Llegar a cualquiera de los tres picos máximos del Tres Marías, un cerro que roza los 1.800 metros de altura, implicaba un ritual ineludible para cualquier católico: arrodillarse ante alguna de las tres cruces, rezar, persignarse, intercambiar besos y saludar a los otros con la fórmula "felices cumbres". Pero ya no. Las cruces, bien fijadas al suelo de roca y una incluso con un porte de 3 metros, desaparecieron. A los andinistas que llegan y descubren este acto de vandalismo se les ponen los pelos de punta. Sienten que no sólo los han despojado de un referente religioso importantísimo, destino de grupos de catequesis y de Acción Católica, sino también de un hito fundamental en el montañismo sanjuanino. El paisaje de los sectores donde estaban los íconos acompaña esa desolación. Y DIARIO DE CUYO llegó hasta la cumbre para mostrarlo.

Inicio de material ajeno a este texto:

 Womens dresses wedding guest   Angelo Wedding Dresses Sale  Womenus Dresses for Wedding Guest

Al Tres Marías, que se recorta imponente sobre la Quebrada de Zonda y desde donde se ve tanto el autódromo El Zonda-Eduardo Copello como el Dique de Ullum, se sube desde Rivadavia (cerca de la Cabeza del Indio) o desde Ullum (a la altura del paredón). A las cruces era más accesible llegar por la zona del dique, partiendo de la proveeduría que está junto al lago. Ahora, tras más de una hora de trekking por una senda tan angosta como escarpada, lo que se encuentra es desolador: donde había cruces quedan pequeños pilones de hierro. Donde había una gruta, queda una estructura destrozada. Y todos los rosarios, estampitas y demás imágenes religiosas que había allá arriba, terminaron desapareciendo en el mismo saqueo sin autores identificables.

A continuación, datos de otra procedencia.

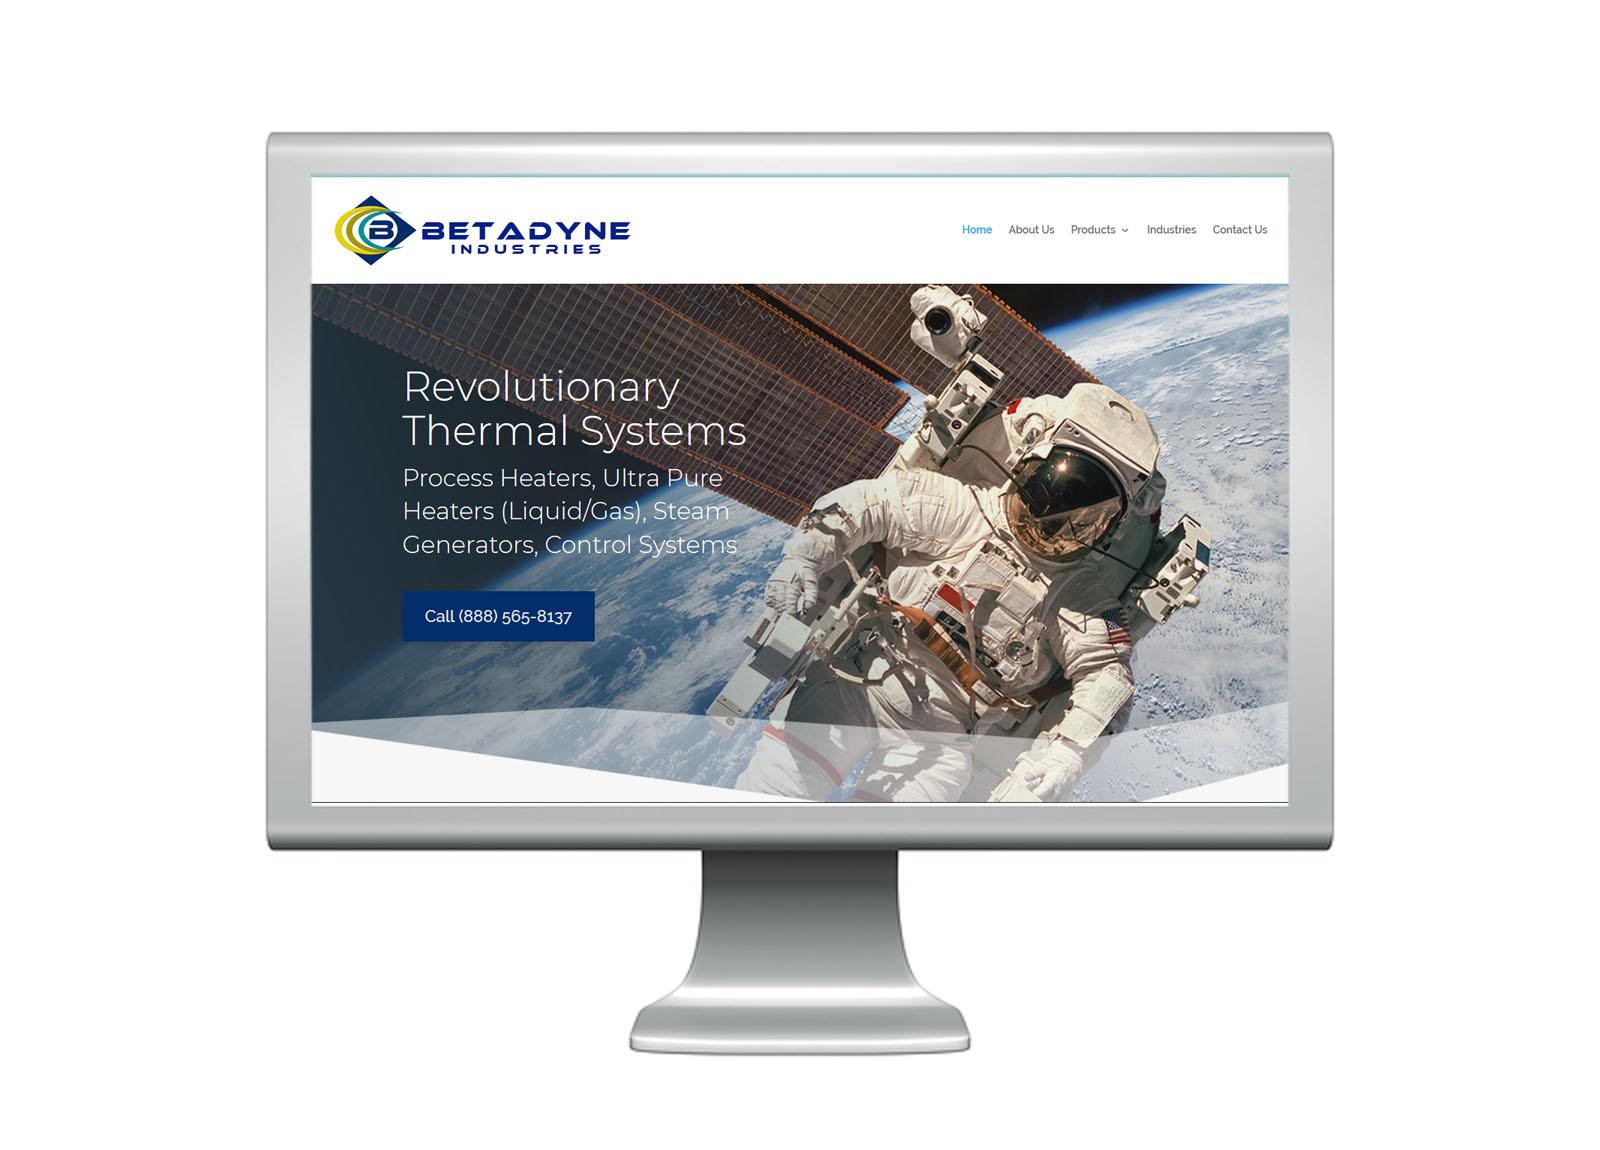 Betadyne Industries

En el pico más alto estaba la cruz mayor. Blanca, de caño, dominaba la mirada de toda la quebrada y permitía, desde su base, mirar a la misma vez buena parte del Valle del Tulum. Estaba sujeta al suelo y atada firmemente con alambres. Tenía 3 metros de alto y, aunque la mayoría de los andinistas desconoce su origen, coinciden en que llevaba más de dos décadas instalada allí. Lo único que se ve ahora en ese lugar, entre las rocas apiladas para hacer de asiento, las jarillas y los pencales que reflejan el Sol como si fueran de diamante, es un caño cortado, apenas a unos centímetros del piso.
La segunda cruz estaba un poco más abajo, a pocos metros de la gruta, que también sufrió el vandalismo. Era bastante más pequeña, al punto que los andinistas y peregrinos, aún arrodillados, la superaban en altura. Era metálica, tenía un borde de hierro con remaches y siempre tenía ceñidos, justo en el cruce de los ejes, puñados de rosarios, collares, pulseras, colitas para el pelo, argollas, llaveros, trenzas y otras ofrendas de los valientes que llegaban hasta la cumbre y agradecían así la protección divina. También era común una postal un poco menos mística y más pragmática: de ambos brazos de la cruz a veces pendían remeras, vinchas y otras prendas que los montañistas habían colgado para secar. Lo que quedó tras el ataque anónimo es el nacimiento del hierro, aún hundido en la base de hormigón armado, y totalmente retorcido, lo que indica que la cruz fue arrancada torciéndola para uno y otro lado con mucha insistencia.
Muy cerca de allí están también los vestigios de la gruta de piedra. En realidad, el mayor daño lo sufrió el techo, ya que la puerta de hierro no pudo ser removida por quienes cometieron el vandalismo. Los atacantes removieron la parte superior (que hasta hacía de pequeño refugio contra la lluvia) y sacaron de allí otros objetos con altísimo valor de culto: los rosarios, las estampas con distintas advocaciones de la Virgen, una figura de yeso de la Difunta Correa y una foto con oraciones del sacerdote fallecido Juan Fanzolato, referente de la comunidad bosconiana en San Juan.
Hacia el oeste, en una explanada natural que hay en el Tres Marías, hay un trozo de caño blanco plantado en el suelo y con la punta oxidada y doblada. Es, también, el cadáver de una cruz. Tras este otro daño, alguien fijó un fierro a esa base y a esa garrocha le ataron trapos que flamean con el viento fresco de la altura aún en plena siesta de enero. Es, evidentemente, otro punto de ritualización. A pocos metros hay bancos armados con piedras grandes y refugios para fogatas, hechos con rocas apiladas. Allí también hay un cementerio de botellas plásticas a medio llenar con agua. Y en este lugar, desde donde el dique partidor San Emiliano parece tan sólo una rama gris tirada sobre el río, se respira un aire de solemnidad, de espiritualidad y naturaleza, que no hace más que remarcar la gravedad del daño que provocaron los saqueos.